TehBotolSosro commented 7 years ago

@johanneszab i did check the portable mode, well anyway that problem is solved earlier and i can't reproduce the issue but i will try to edit manually if the problem occur again.

regarding the checkbox, so for me who had many 0 bytes and corrupted video it's better for me to uncheck the "check directory for files"? since i always had that checkbox checked thinking its the other way around (checking the checkbox will check the file size)

also it's possible for the program to know if the video/image are non existent (deleted by tumblr) since i have blog that the progress bar only half and tried several times to delete and readd them, until i manually check the link and turns out the image couldn't also be loaded in browser and there are other files that deleted by copyright.

johanneszab commented 7 years ago

@TehBotolSosro:

i did check the portable mode, well anyway that problem is solved earlier and i can't reproduce the issue but i will try to edit manually if the problem occur again.

I've noticed that the settings don't update if the queuelist cannot be saved once I tried to reproduce the the error.
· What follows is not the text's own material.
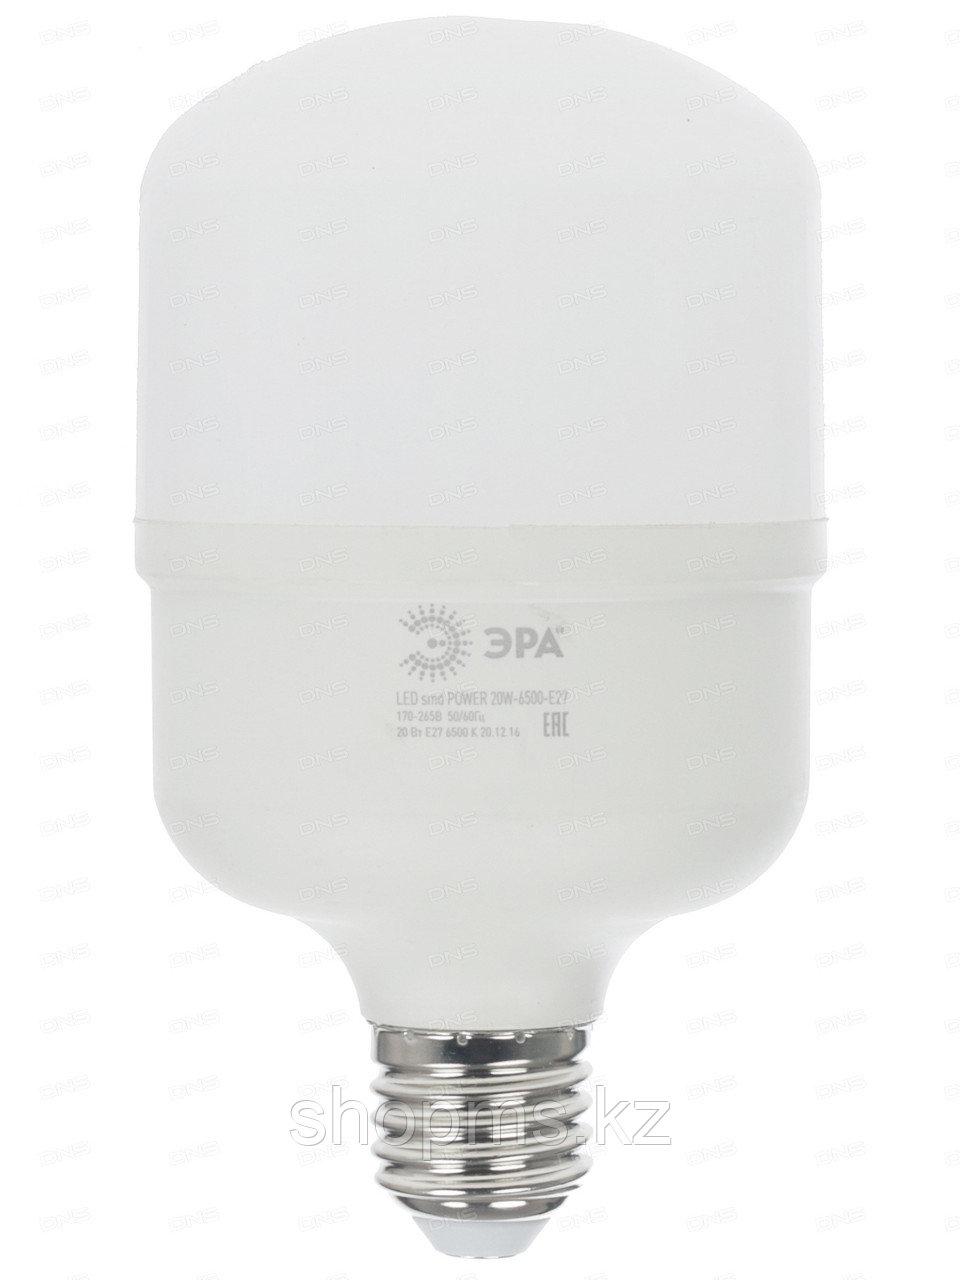 Лампа св/диод ЭРА LED smd POWER 20w-6500-E27

Thus, it probably came from the upgrade to the v1.0.8.18+ version. I actually didn't check that before releasing the newest version. I couldn't even remember that I deleted my settings since I do that so frequently during development ..

regarding the checkbox, so for me who had many 0 bytes and corrupted video it's better for me to uncheck the "check directory for files"? since i always had that checkbox checked thinking its the other way around (checking the checkbox will check the file size)

yes, turn it off. If you enable the checkbox it only checks if there is a file with the same name already. If there is one, it skips the download.

Whereas if you don't check the checkbox, the downloader will start to download the file, checks if there is any existing file and resumes it if the filesize is below the one that's going to be downloaded. If it's the same or above, it won't download anything but set that file als downloaded.

Thus, in the next release I'll remove that checkbox since it has no use.

TehBotolSosro commented 7 years ago

thank you for confirming it, will uncheck the checkmark in check directory for files.

and yes i always update by overwriting the file, glad you found the issue, will delete the Queuelist.json next time i update

thanks again

keokitsune commented 7 years ago

While I would like an option to reset blogs (specific file types anyways, like just video so I can redownload corrupt files without having to redownload all gif/jpg ect) the fact that the app keeps tract of what has and hasn’t already been downloaded based on the file and not on the contents of the folder is very important to me, a feature I wish ripme had. I use this program as an archiver for my favorite blogs but there’s a lot of overlap in the content, the way the program works now allows me to download entire blogs and have a duplicate program scan and remove all redundant content which would otherwise bloat my HDD and after scanning I don’t have to worry about it continuously redownloading the just removed content each time I crawl for new content…like ripme does.